Gitlab has the final say over every pull request, on what issues they'll
consider pull requests for. Gitlab has a code of conduct and can ban
contributors that violate that code. Gitlab prioritizes and labels issues that
they want volunteers to look at. Seems equivalent to Stack Exchange's
moderation queue.

\- Profit, Loss, and Investment

Gitlab is a for-profit company. Open Source contributions get rolled up into
their for-profit enterprise offerings.

\- Skill and Independent Initiative

Fixing issues requires a great deal of specialized skill with the codebase,
some of which is codebase specific and not generalizable. Individuals can
choose to participate (similarly to Stack Exchange), but individuals are not
free to pursue any project they want. Participation means following Gitlab's
design process and looking at issue labels.

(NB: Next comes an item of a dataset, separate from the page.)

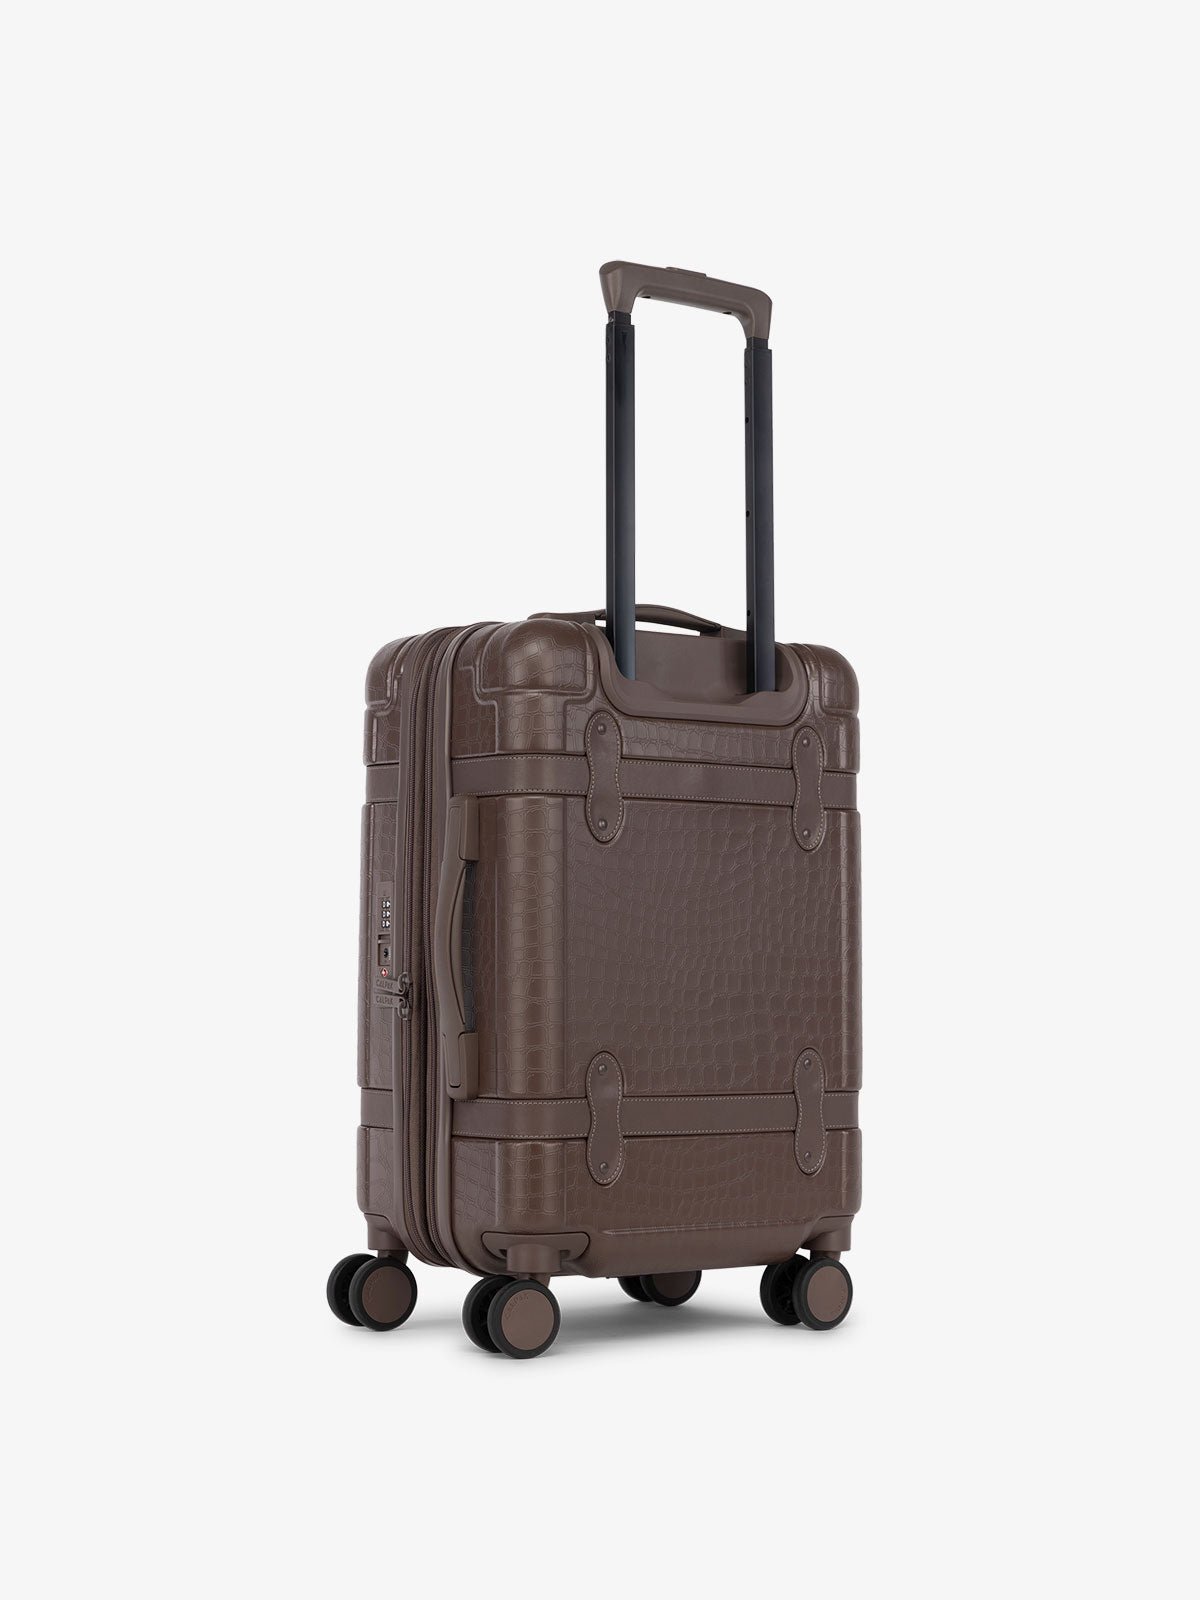 CALPAK TRNK 20 inch carry on suitcase with hardshell exterior, tsa lock and top and side handles in espresso
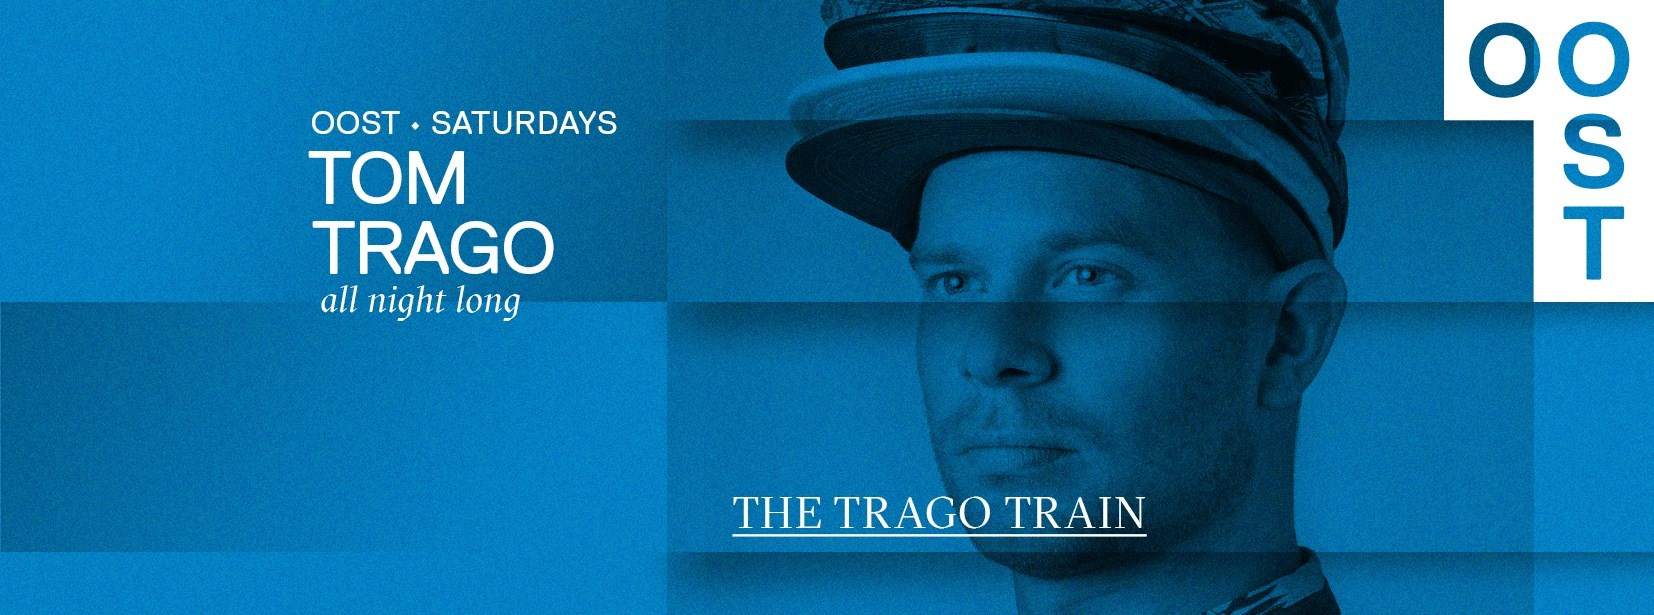 OOST - Saturdays: Tom Trago (Attend for Free Entrance) - フライヤー表

Similarly to Stack Exchange moderation queue, Gitlab hands me a list of issues
that are ready for development and I pick out the issues that I want to work
on.

\- Permanence of Relationship

Volunteer developers to Open Source projects often form long-term
relationships with the projects they contribute to. An answer on the main post
links to a 2009 guidance letter that calls out for a for-profit nursing home
as being in violation of the law for bringing in volunteers to help with
events.[0]

With that letter as context, it's not clear to me whether or not permanence
requires an explicit contract, or just an understanding that the activity or
event is not a rare, one-off occurrence.

\- Integral Part of Business

Developing software is an integral part of Gitlab's core business.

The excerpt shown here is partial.